March 25, 2014 | Valerie Wong
So you want your meeting to go without a hitch. If you're in charge of setting up your meeting room (or, at the very least, you're the one who has to tell the custodian or janitor of the building how the whole panel, table placement, and whatnot should be dealt with), then here are some handy tips and recommendations you can try out. A meeting room should not be used just because it's there; the professional way to handle things is to adjust your meeting room in accordance to your needs. Rearranging chairs and tables to face one way or another isn't just an aesthetic choice; it could also make or break the meeting itself.
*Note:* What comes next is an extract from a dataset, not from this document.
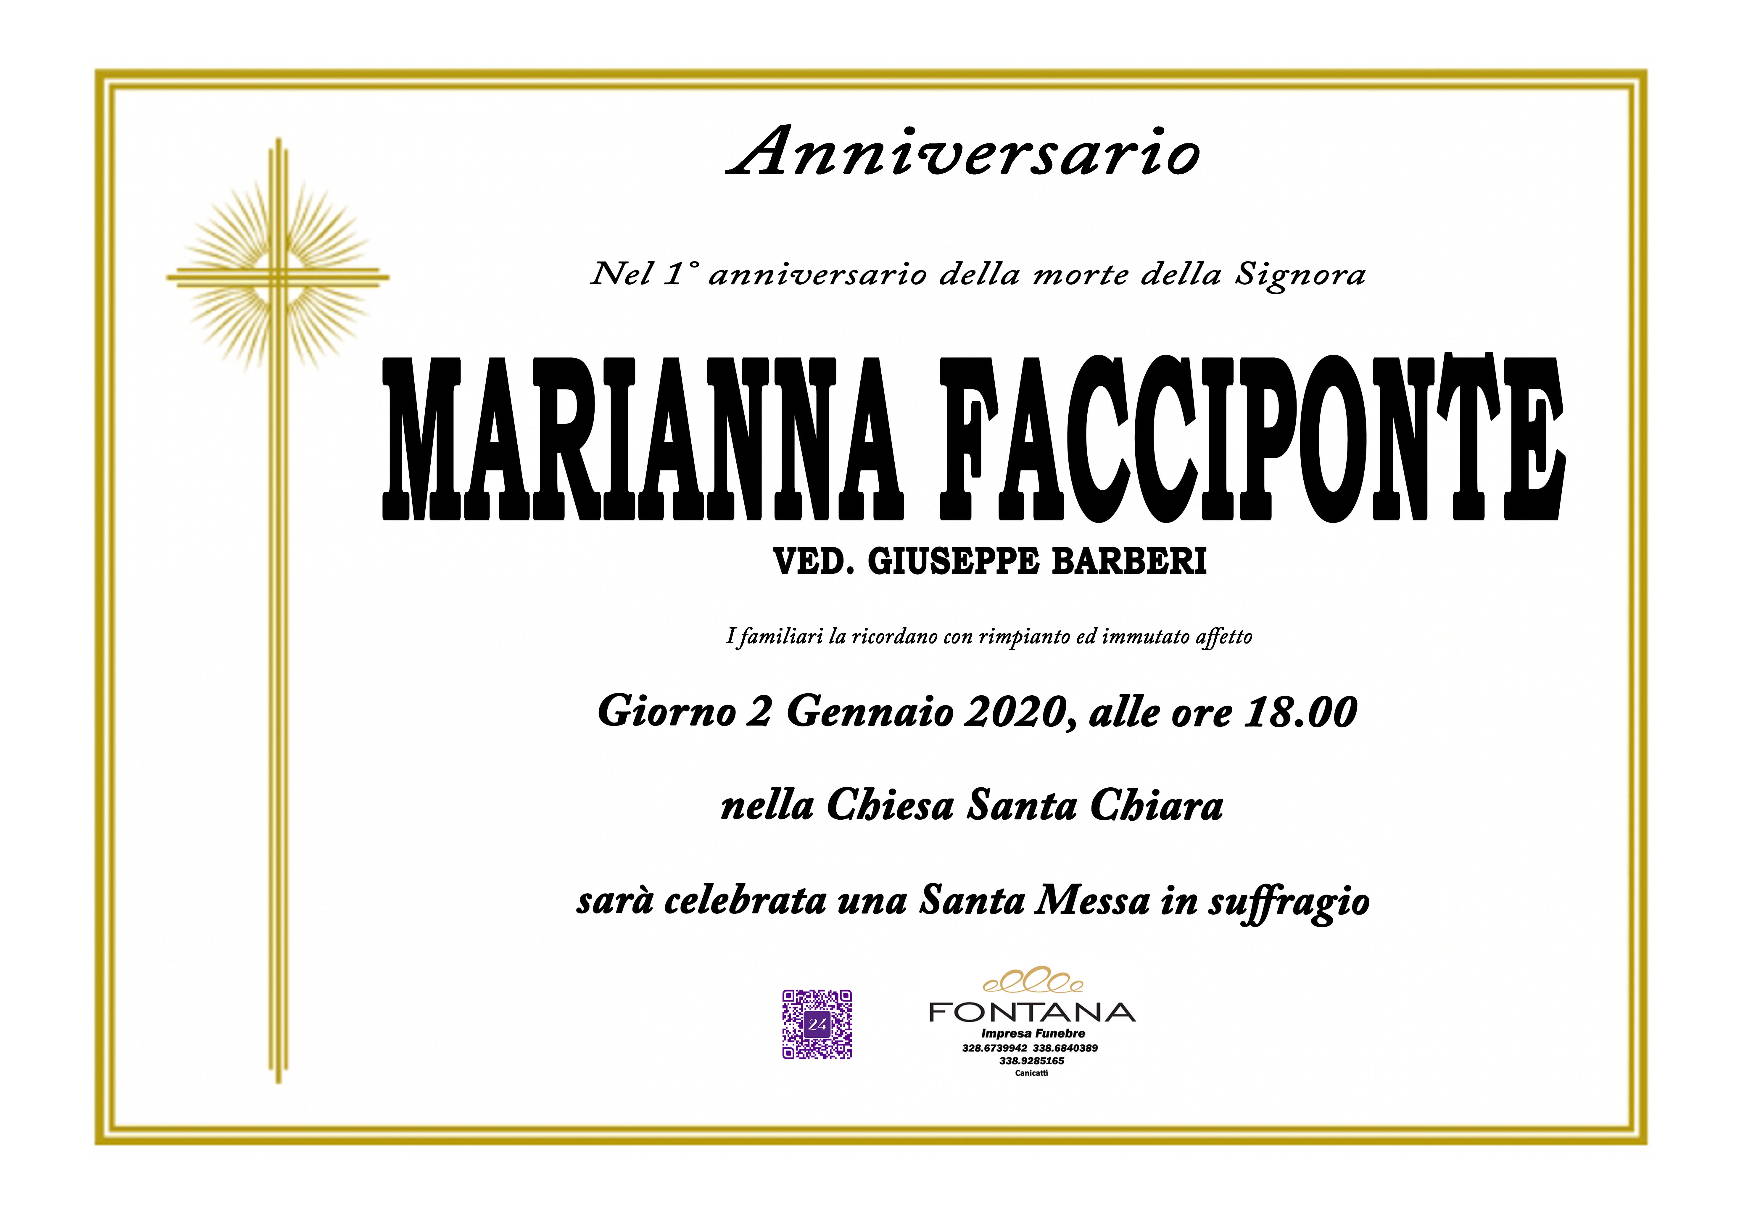 Marianna Facciponte
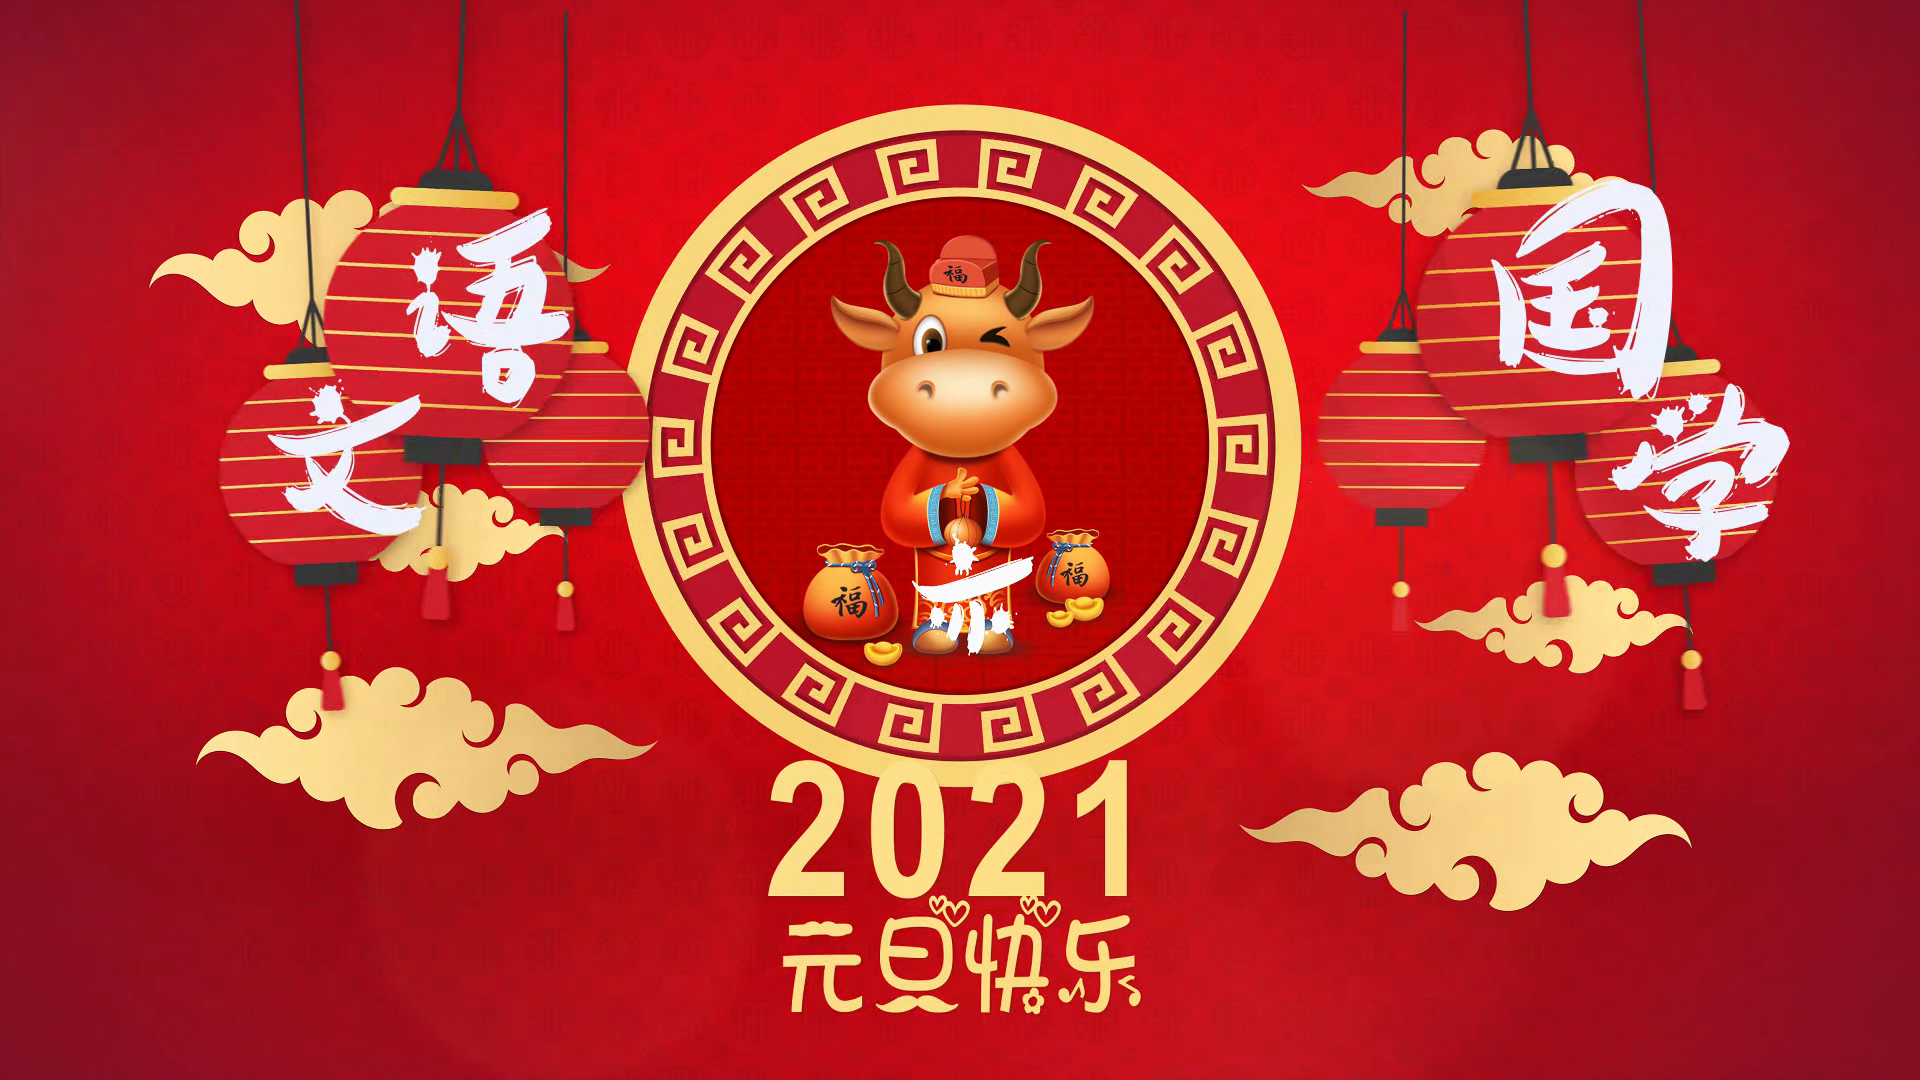 语文亦国学恭祝2021年新年快乐

The Basic Meeting Room Layout Options You Can Try Out
Before anything else, you should remember that how the meeting room is laid out will depend on the content being delivered to the participants and how the presentation should be done. If projectors are involved, then it should be laid out to accommodate that piece of equipment without making it hard for the rest of the members of the meeting to see what's going on. Your room choice or setup choice will impact the way you present, so choose wisely and in accordance to your objectives. The classroom style is the most popular style for meeting boardrooms with one speaker.
It involves using rows of tables with two to three chairs for each of them arranged to face the front of the room, as you would set up a classroom. This is perfect when it comes to a presentation that involves a lot of lectures, member interaction, and loads of information. The presenters are the providers of info, and dialogue with the audience is involved. As for theater style meeting room layout, this is perfect when it comes to short, 2-hour-long presentations (i.e., a movie or a PowerPoint slide show) with minimal notes. It also maximizes room space by having the chairs face the front of the room with a center aisle like you would a theater.
More Advanced Meeting Room Styles
Six- to-eight-foot conference tables are called for when it comes to conference style meeting rooms. They're typically gathered in the middle of the room to from one solid structure. From there, chairs are placed across the table perimeter. This is perfect for small brainstorming sessions without a designated leader or presenter. Like King Arthur's Round Table, this constitutes discussions among equals, because no one leader or presenter is setting the pace of the meeting, and everyone can contribute and have a say on the matter, like a democratic meeting place of sorts. As for the U-shape style meeting, it involves placing three six-to-eight-foot conference tables end-to-end to form the Letter U.
The chairs are placed outside the U, and it's the best meeting room style for meetings involving small groups of people that need to converse between the audience and the presenter while at the same time including conversations between the participants themselves. Finally, there's the hollow square style, and it works like this. The tables are placed in a rectangular or square outline with an open space in the middle, and chairs are placed around the square's perimeter. It's kind of like the conference style, but this time there's a "hole" in the middle plus there's more workspace, visual lines, and communication angles for each member to feel comfortable with.